Live from Alaska: Frozen pipes, bachelors on credit and suggestive pizza.

Scenes from our trip to the Talkeetna Bachelors Auction and Wilderness Woman Competition:

We arrived late Friday afternoon, driving directly into a blizzard. But after watching the Parade of Lights we knew we’d be able to get back out of town on Sunday: Among the vehicles in the parade were eight snowplows.

Room 12 was one-half of the top floor of the Latitude 62 Hotel. It had a microwave and a mini-fridge, but no hot water. Nancy, one of the owners, checked the line: frozen. She changed out the heat tape and offered the key to a vacant room so we could shower.

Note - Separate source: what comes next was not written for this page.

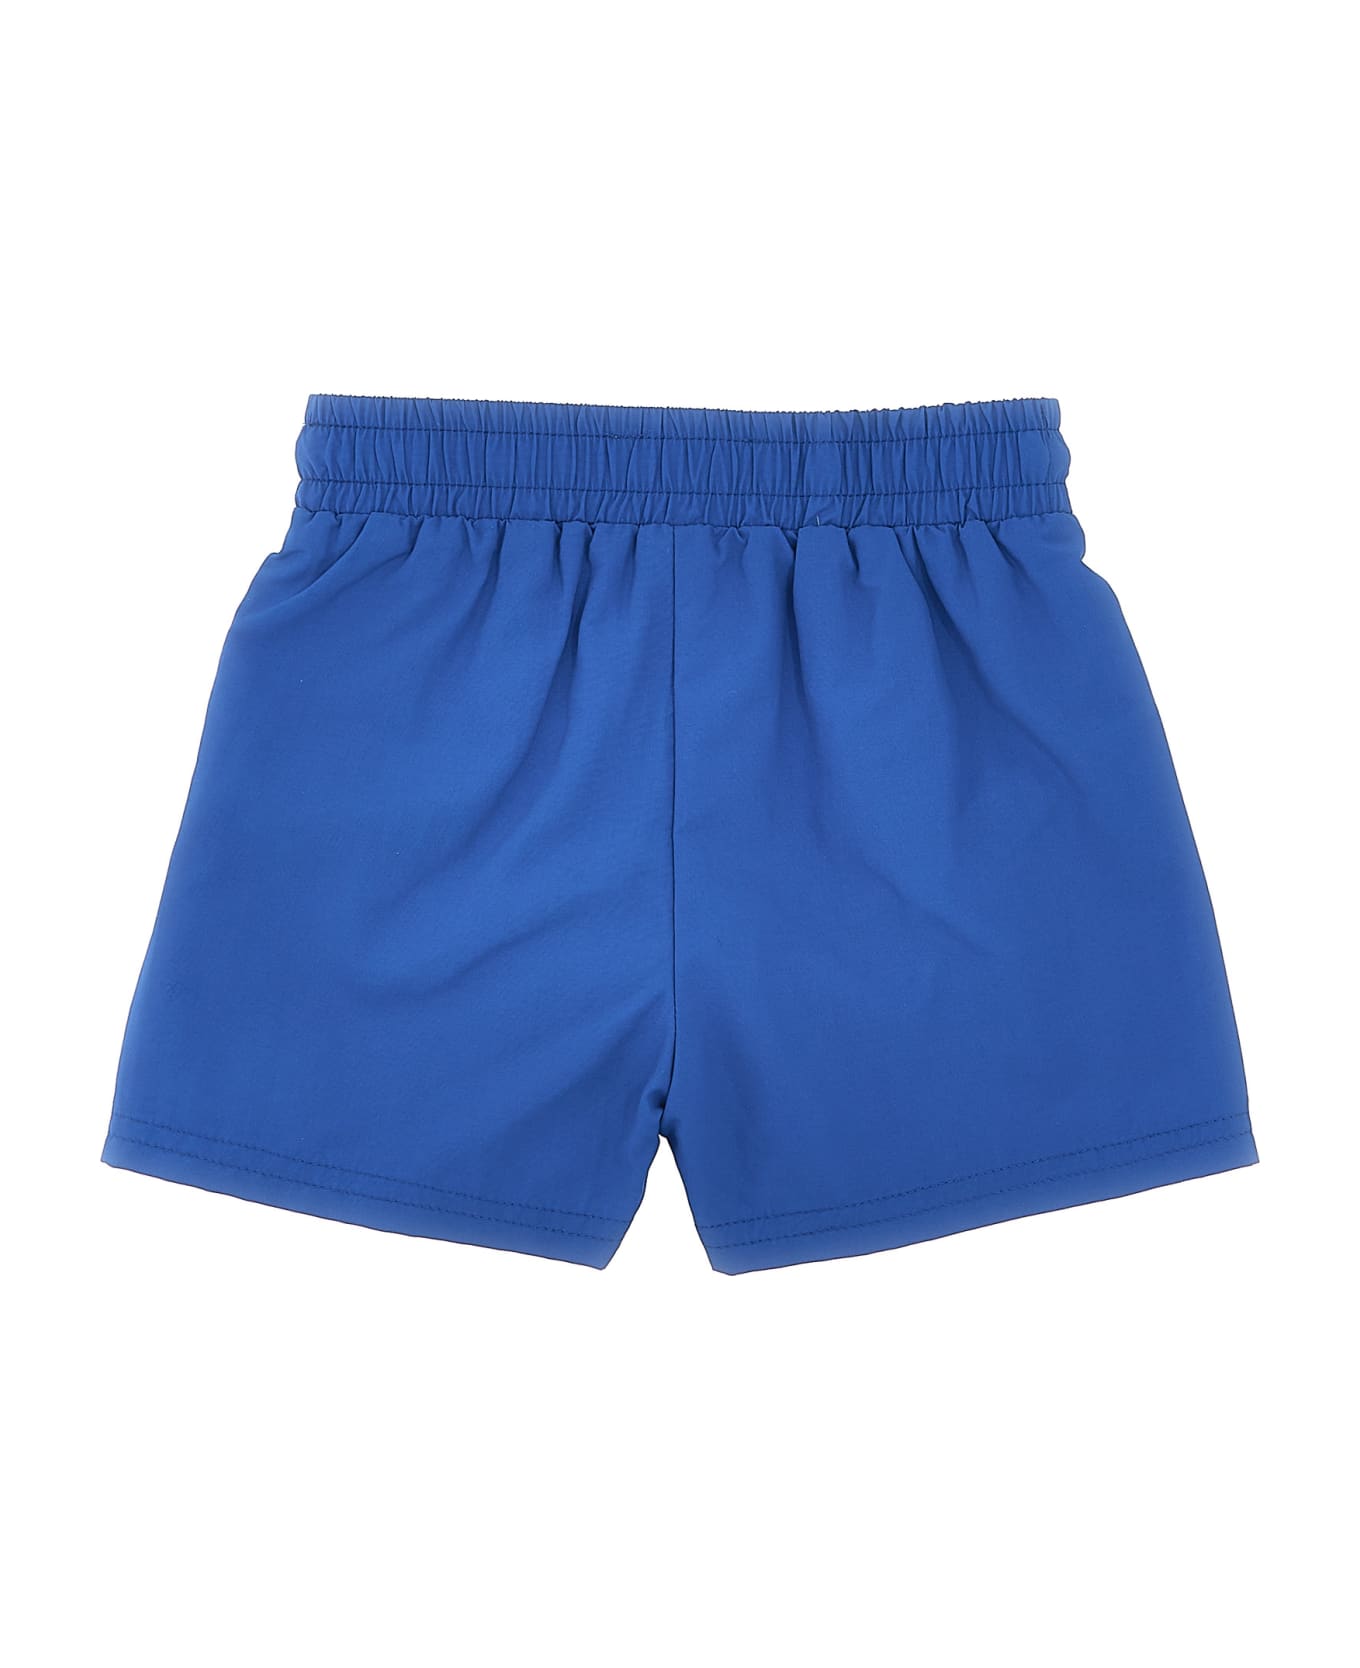 Kenzo Kids Logo Print Swim Shorts - Blue

This reminded me of a previous year, when several women had booked Room 11, the other half of the top floor. It developed that they had hot water in the shower but their toilet was frozen, whereas our room had a functioning toilet but (again) no hot water. So we threw open the door between 11 and 12 and shared the facilities.

We also shared snacks. Theirs were better than ours.

This year’s treats were pretty good, ranging from homemade banana bread to high-end chocolate with a touch of chile. My own contribution: a bag of dried cherries, a free-after-rebate can of cashews, and several flavors of M&Ms that cost 75 cents to $1 thanks to coupons and in-store rebates. Gotta keep my frugal edge.

Five women on vacation can tear through a lot of goodies. The mint M&Ms went fastest. If you haven’t tried them yet, do.

How to get cheap accommodations

As of 10:30 a.m. Saturday, still no hot water. We weren’t charged for Friday night.

On a counter in the hotel entryway was a Nativity scene hand-painted by Nancy’s sister. The baby Jesus had been stolen. Perhaps to compensate, someone had placed a small pink-and-purple dinosaur in among the camels and angels. I think it’s an ankylosaurus.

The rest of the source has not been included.